Io, paralizzata, non riuscivo a spiccicar parola: fu una gomitata di
Giulia a convincermi a parlare.
“S-si, è tutto vero” bisbigliai.
L’uomo, ancora sospettoso, mugugnò qualcosa di
incomprensibile e ci consegnò i nostri biglietti.
Quando fummo davanti alla porta della sala, la ragazza si
girò verso di me e mi disse “Non so davvero come
ringraziarti! Era da tanto tempo che aspettavo l’uscita di
questo film e se non fosse stato per te non l’avrei mai
visto!”
“Sì...prego.
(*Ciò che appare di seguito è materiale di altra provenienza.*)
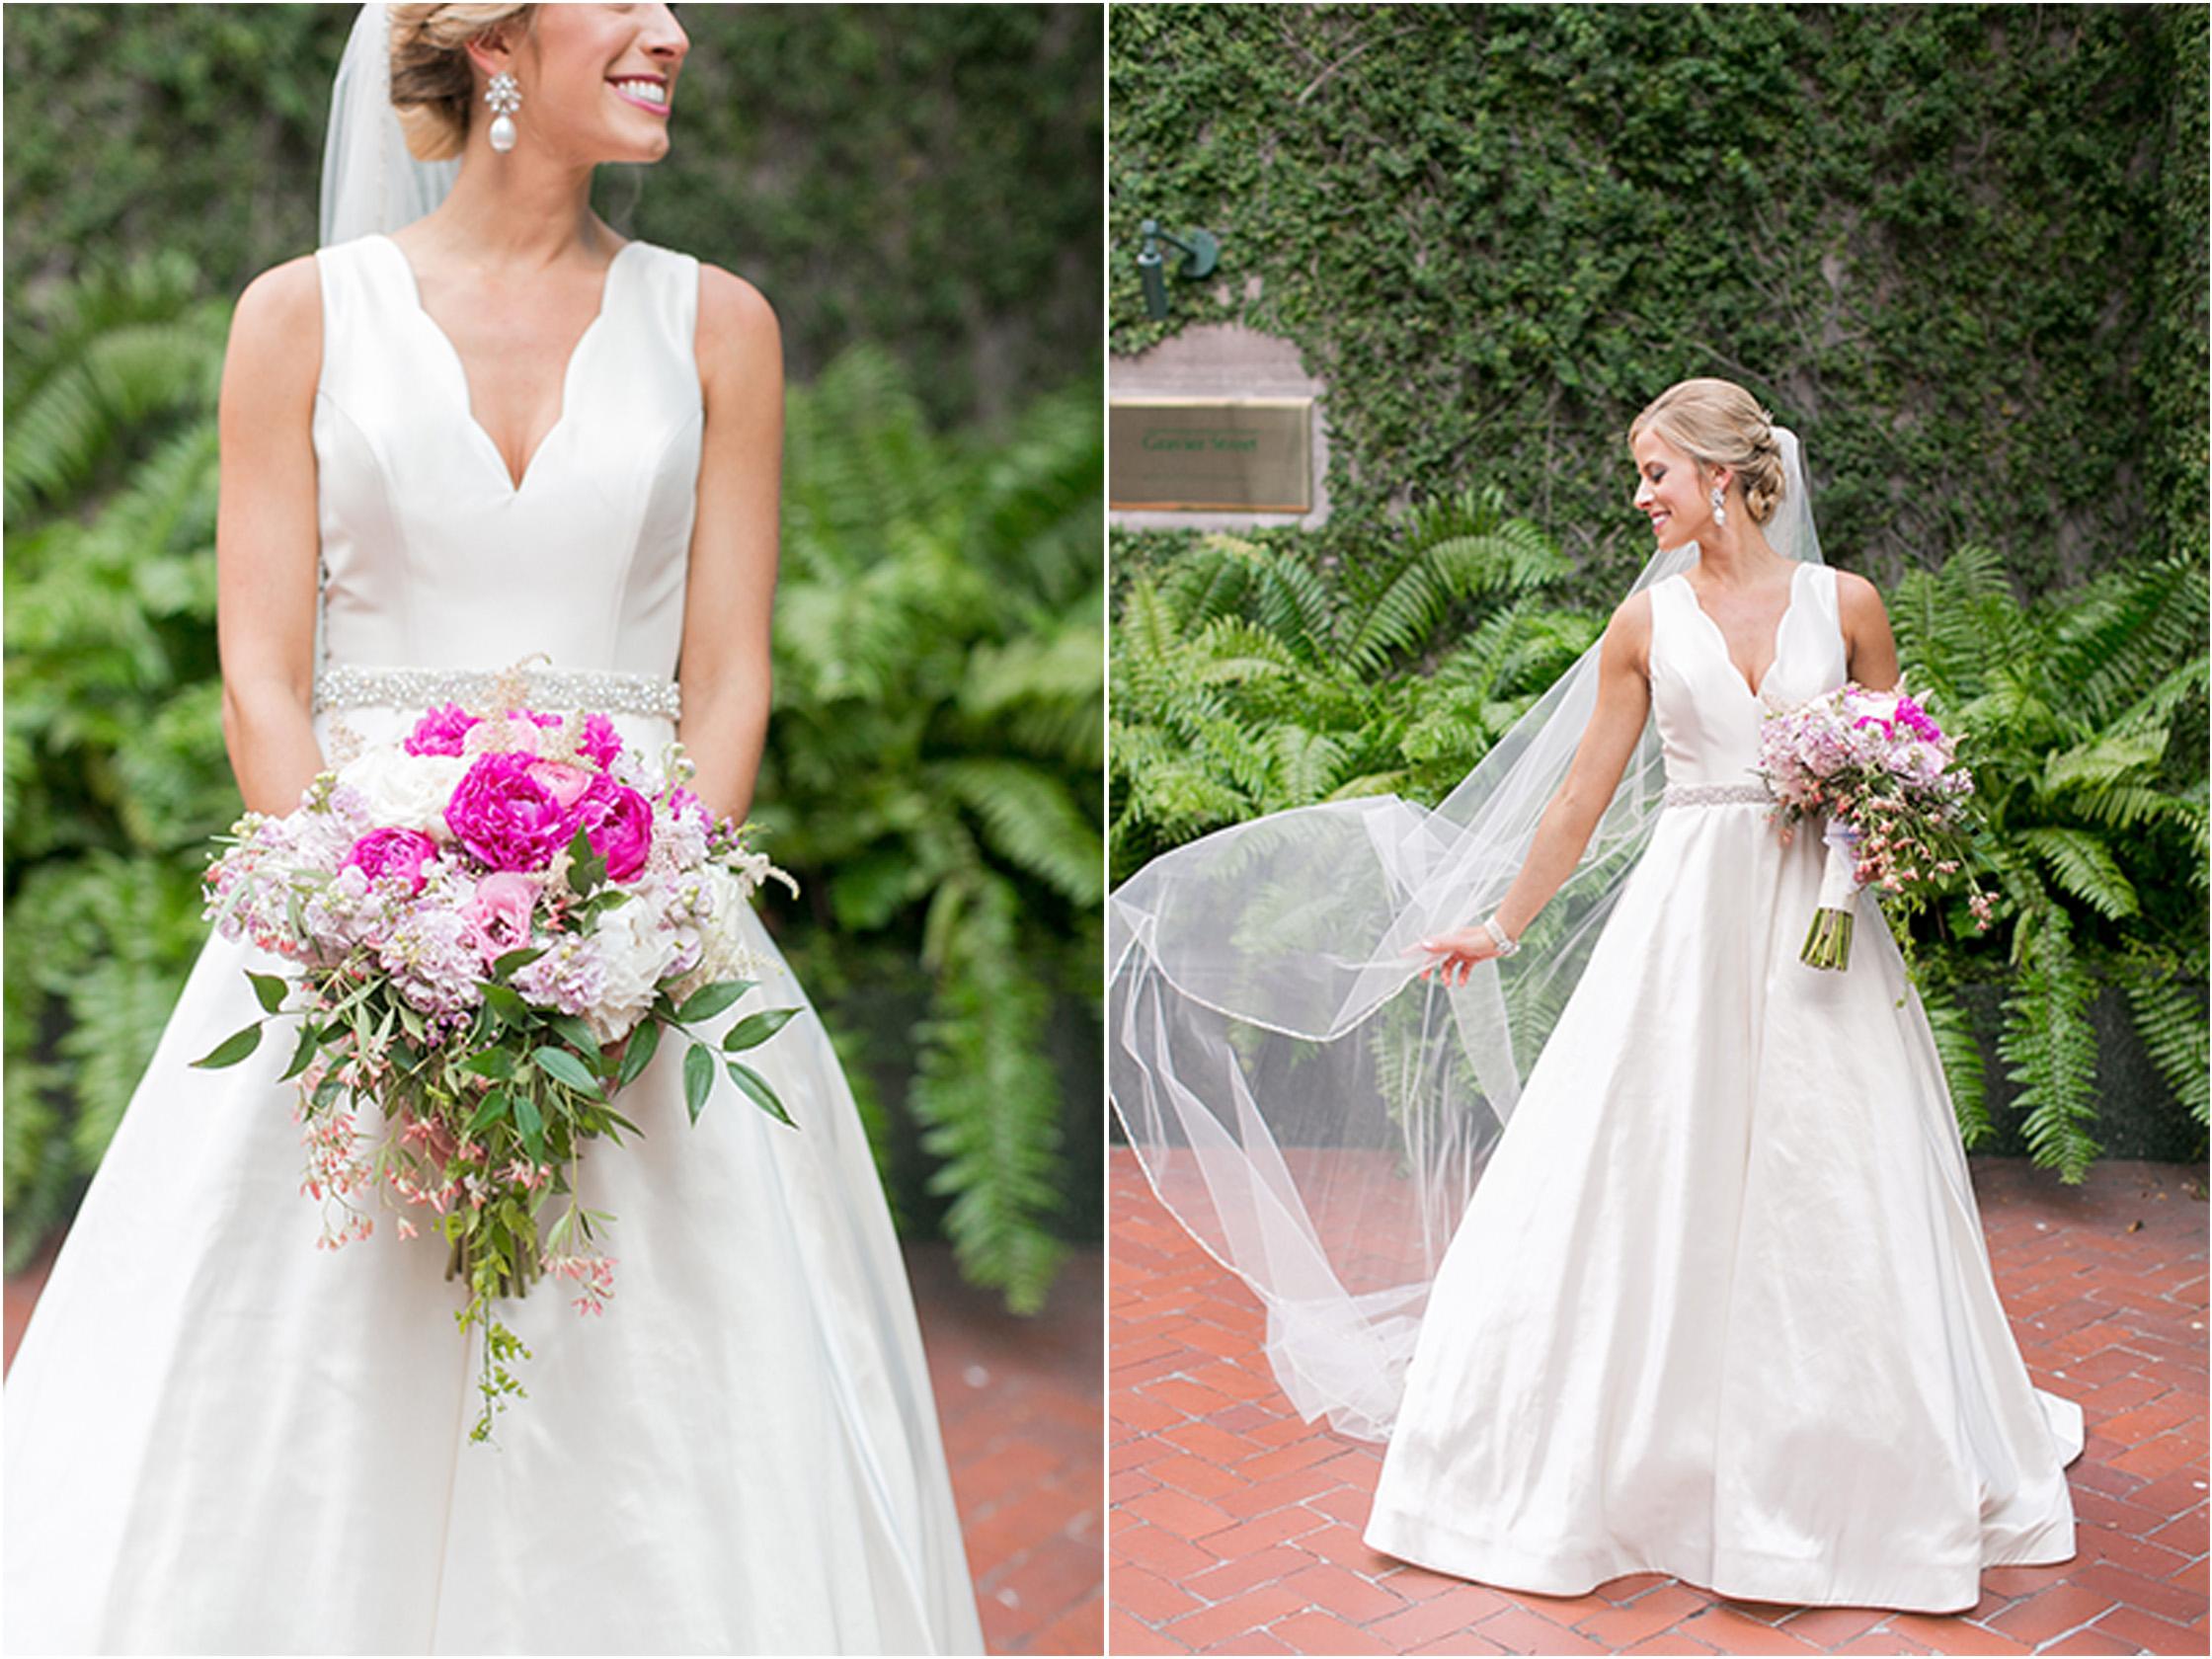 windsor court bride

Adesso scusami ma devo aspettare le
mie amiche...” replicai, scocciata.
Proprio mentre me la stavo levando di torno, mi arrivò un
messaggio da parte di una delle suddette amiche “Scusa, la macchina non parte.
Perdonaci!”
“Vaffanculo!” sibilai.
“Con chi ce l’hai?” mi chiese
l’impicciona.
“Con le mie amiche. Mi hanno appena informato che non possono
venire, quindi io ho speso i soldi del biglietto per niente.”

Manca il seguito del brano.